I’ve always been interested in businesses for mental health, and mental health marketplaces for psychiatrists, therapists, and coaches was how we really started. I have ADHD, and I don't take medication. My youngest brother has a completely different type of ADHD and inattentive, low grade depression, but he doesn't take medication either. I asked my psychiatrist about this, and my psychiatrist just told me to go to therapy. I felt like this was a full circle because I already tried to do the therapist thing. I looked into other possible resources and there was actually nothing that existed, except for very localized in-person training that was about $400 to $500 an hour in San Francisco and Boston. A lot of entrepreneurship is luck, and I was lucky enough to meet a guy who had done years and years of this very expensive treatment. He was also interested in figuring out how we can digitize that and spread it to people who couldn't afford to do that or didn't live in major metropolitan areas.


☀️ Could you talk about the pros and cons of working on something that you have a close personal relationship to?

The pros and the cons are probably the same in the sense that I know when things are working and when things aren't working. I have a strong conviction around what I think is going to work. I use that conviction and see if something works or not. On the other hand, one of the things that I would emphasize here is the need to continue to user test because ADHD is so personalized. The problem is most people who have ADHD don't know what type of ADHD they have. Because I’ve been working so closely to this, it's gotten to the point where I feel I know so much about the disorder. I think that knowing too much about the disorder is dangerous because it can be hard finding the right way to bring things to people with ADHD in a meaningful way without appearing as a medical entity even though I also have ADHD.
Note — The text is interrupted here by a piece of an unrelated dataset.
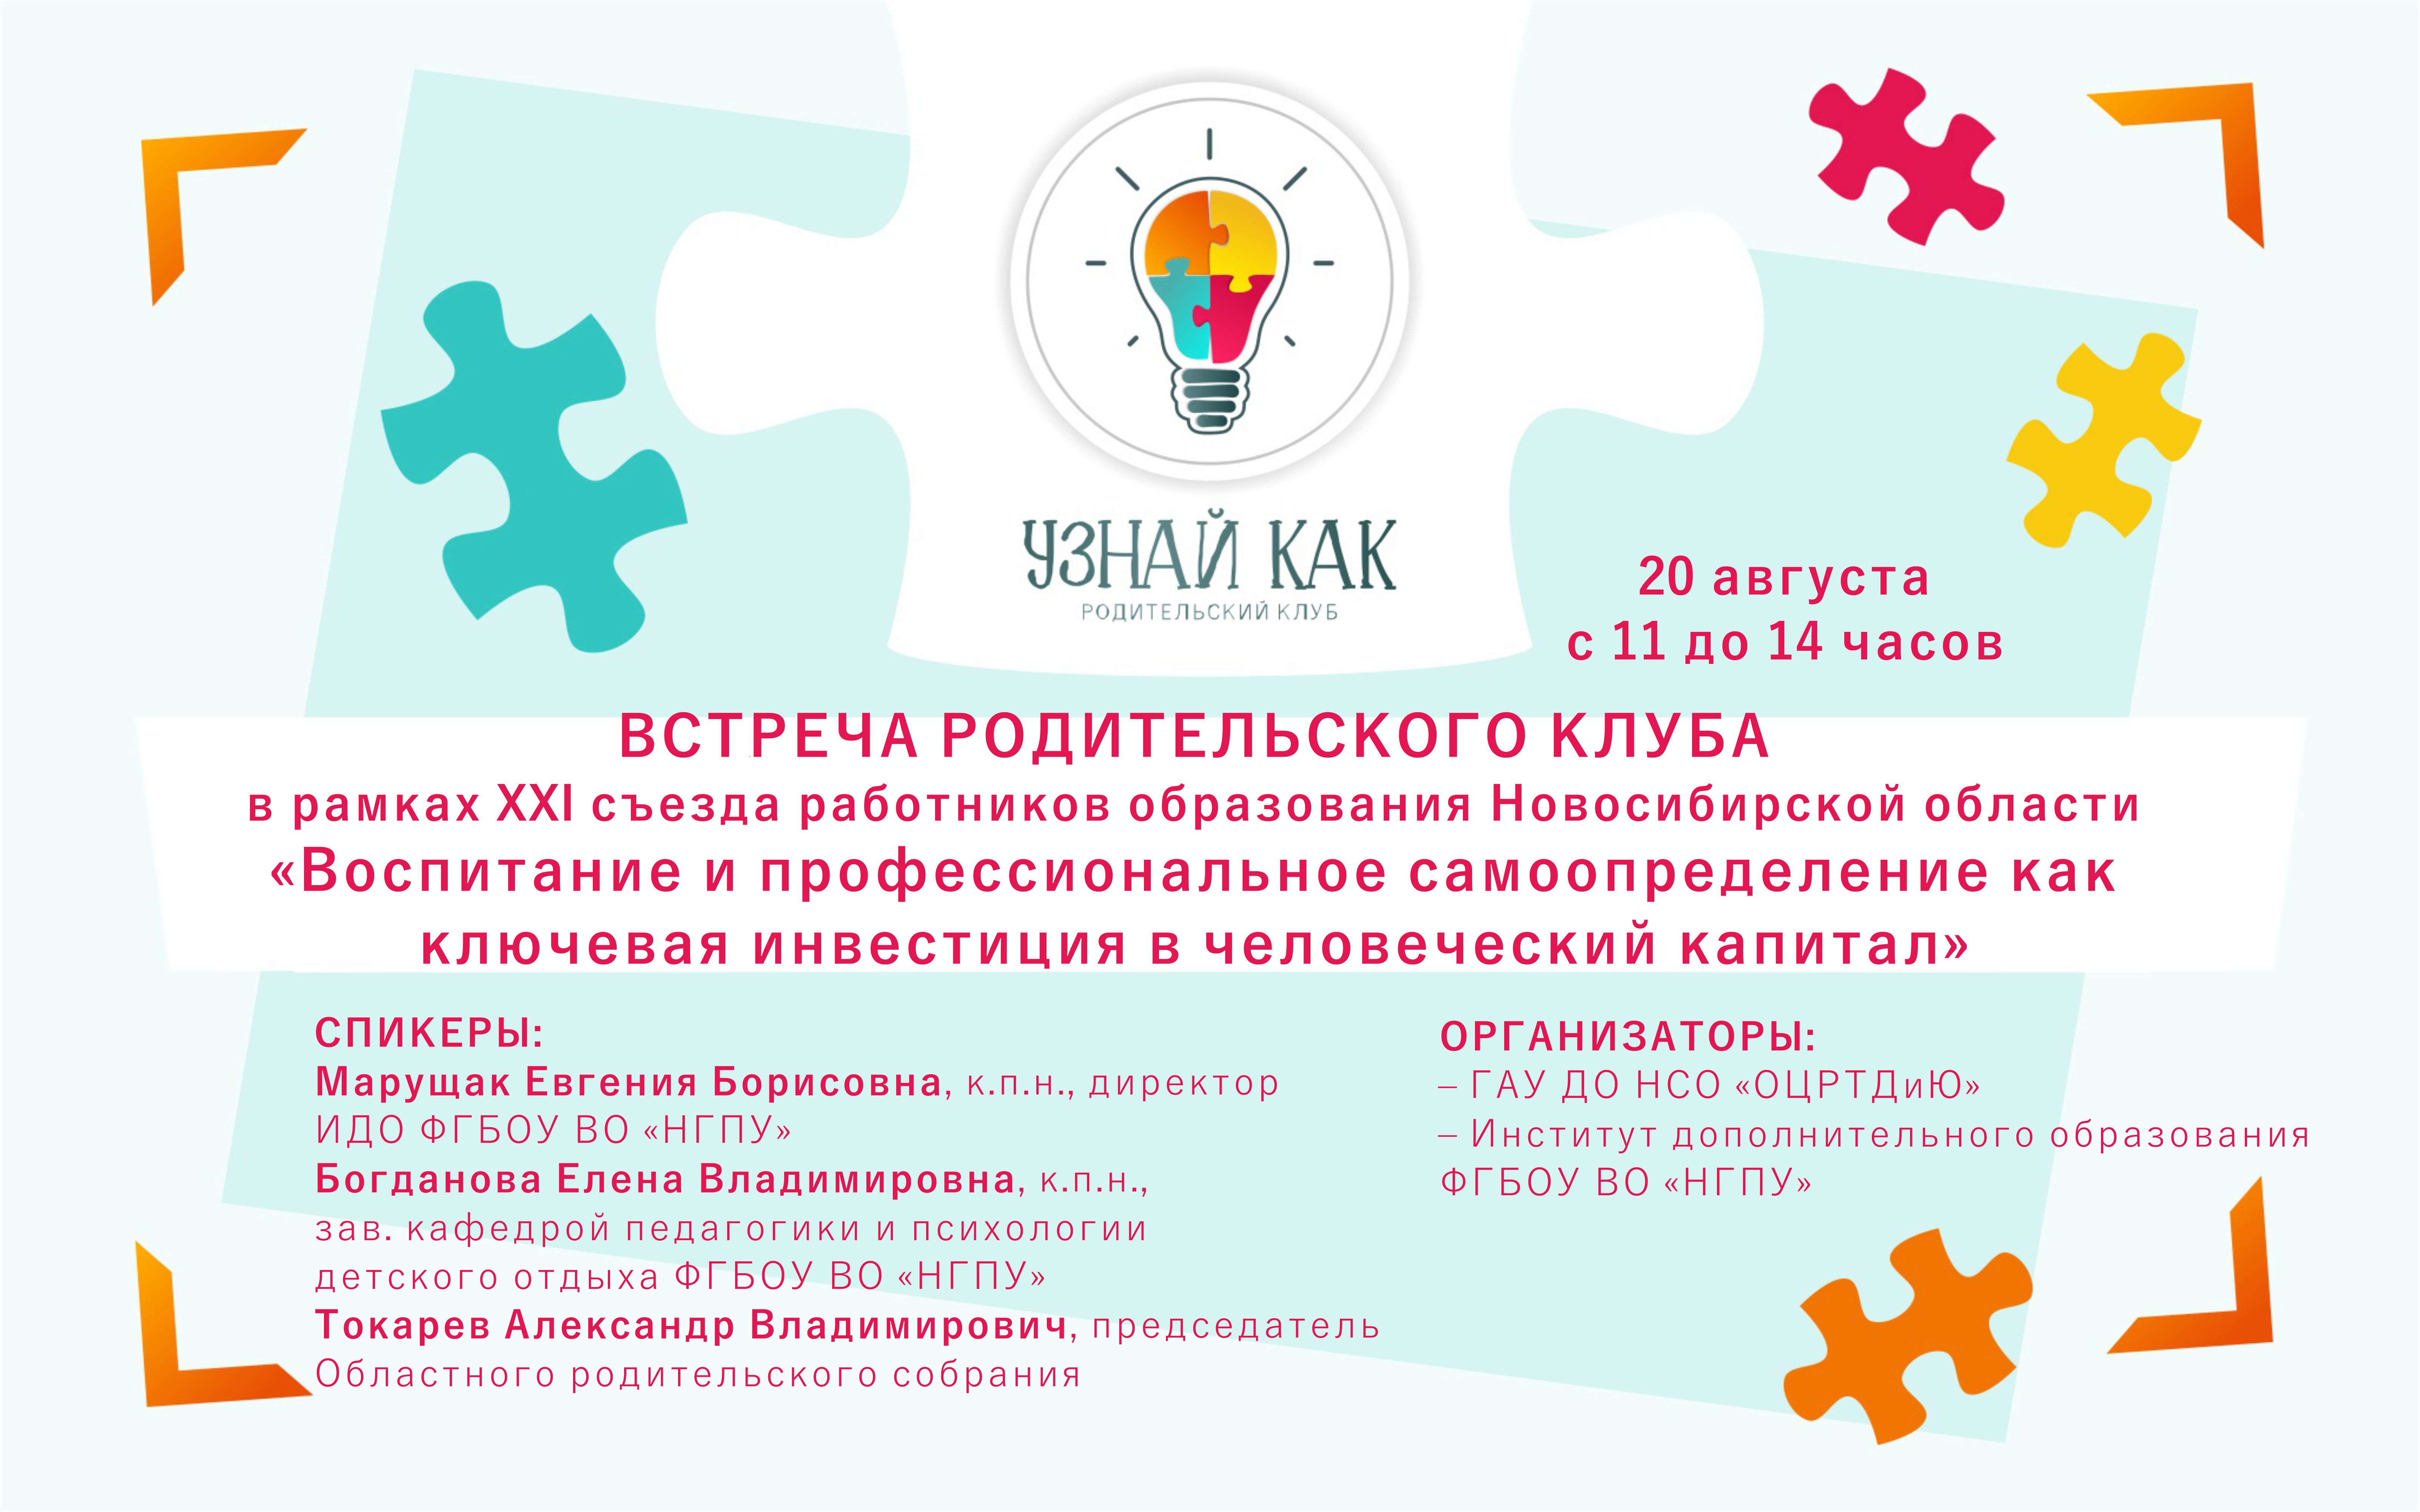 Встреча родительского клуба «Узнай как» в рамках XXI съезда работников образования Новосибирской области

☀️ How do your experiences outside of CMU compare to your time at CMU?

CMU is very organized in the sense of the prescriptive tasks you’re given and the railroad-like experience, but the real world isn't that clean. When you go into an organization, being a self-starter is really important. I think it’s a transition a lot of students coming out of CMU have to deal with. It can be hard to always understand all of the different pieces of a workplace quickly and be able to insert yourself in a way where you're adding something new rather than completing what needs to be done. I think that can be really difficult.
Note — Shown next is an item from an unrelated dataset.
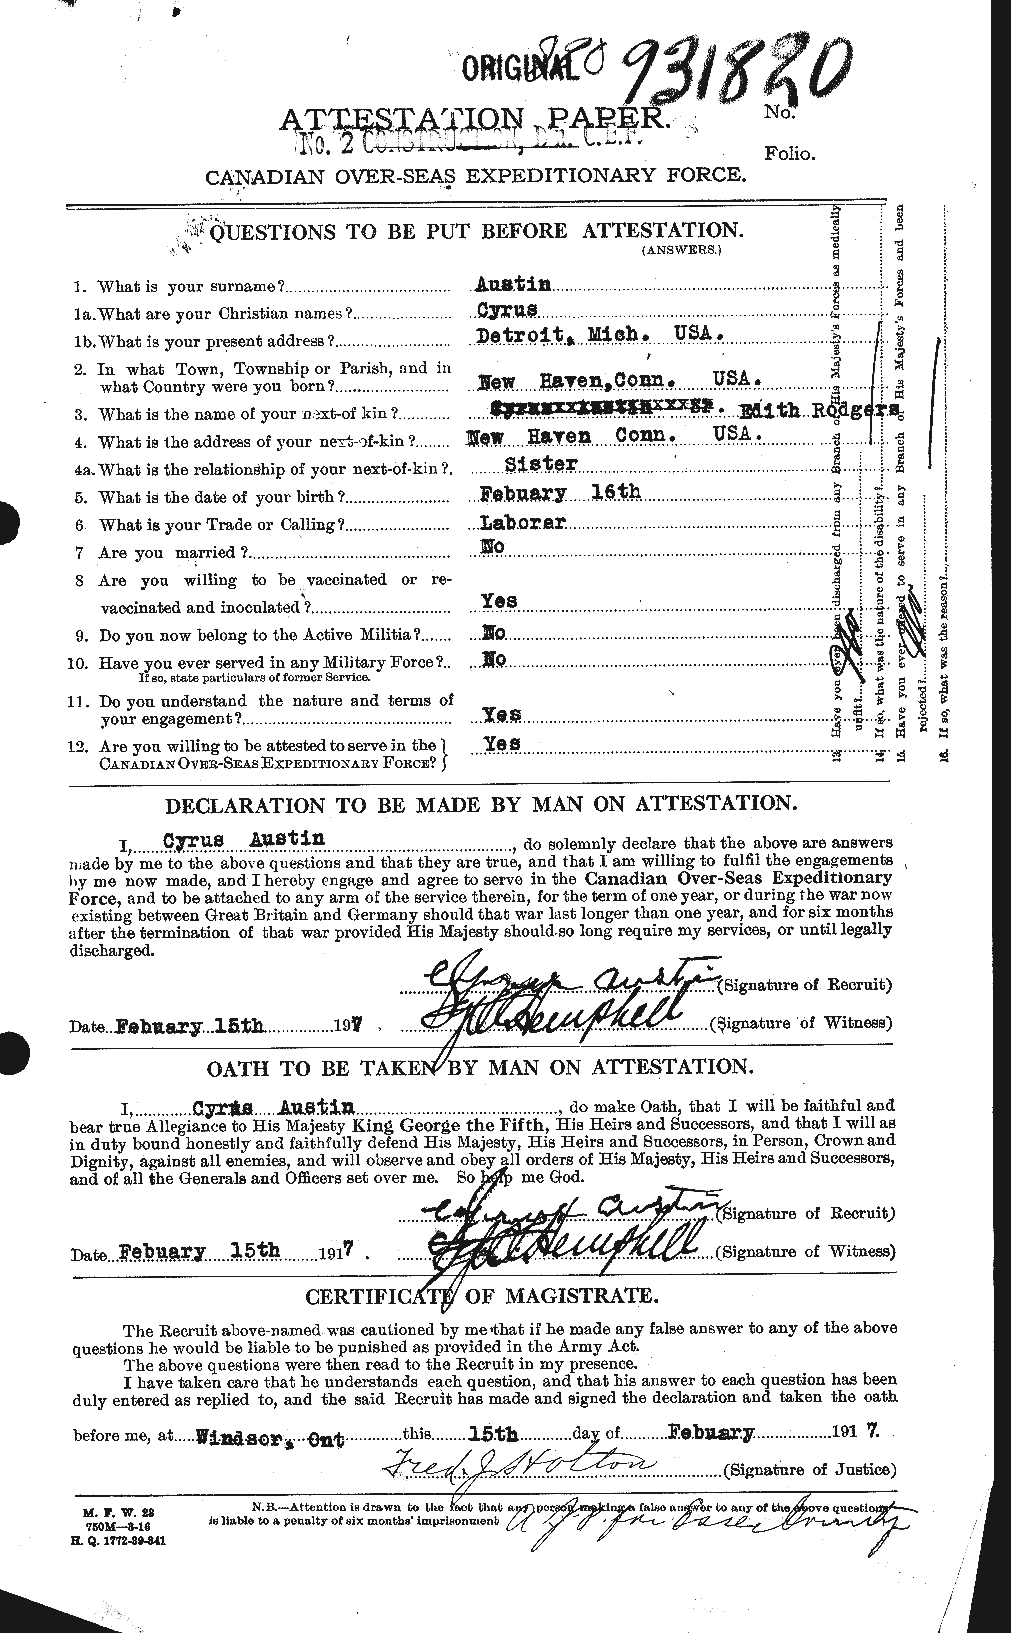 Dossiers du Personnel de la Première Guerre mondiale - CEC 215437a

☀️ What advice do you have for students who might be exploring their interests in interdisciplinary fields right now?

I think it's really important to spend as much time as possible in different areas of the school and not to get caught up in who this person is, what they’re studying, or how much they’re going to make after they get out of school, because it's surprising to see how everyone that comes into CMU ends up doing something pretty amazing. You're limiting yourself if you stick within your major, your sorority, or your fraternity. You really need to make sure that you put the effort to go into new places. Everyone here is very talented, and they all have something to teach you. You're doing yourself a disservice if you're not tapping into the overall network.
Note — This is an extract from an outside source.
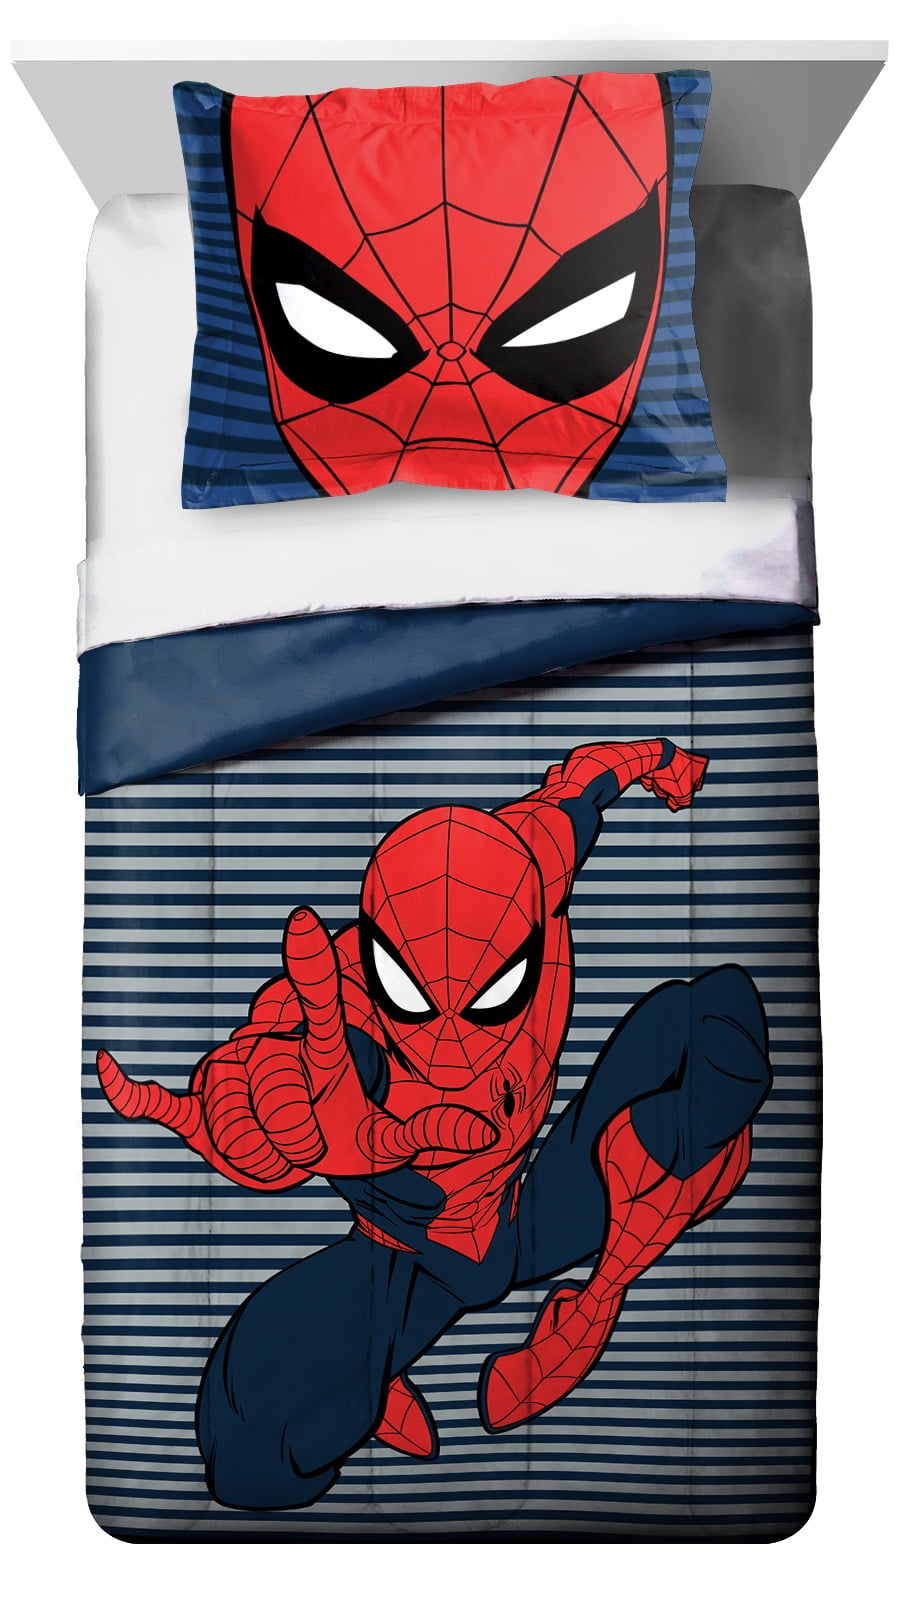 2019 Cartoon Spider-Man Iron Man Cotton Blend Duvet Quilt Cover 3pcs Bedding Set

In terms of advice for people who are interested in going into this field professionally, I would say to diversify your skill set but have one hard skill that you can show off. When you sell yourself, focus on that one hard skill. That could be your user researcher, being able to do UI really well, or being an excellent writer. When you're talking to recruiters who are hiring, they're hiring for one specific role that's been lacking on their team. You won't know what that role is but being able to play to a strength in terms of one area that you are passionate about will help you stand out. And they'll keep you in mind if it's not now in the future when they need to fill that role.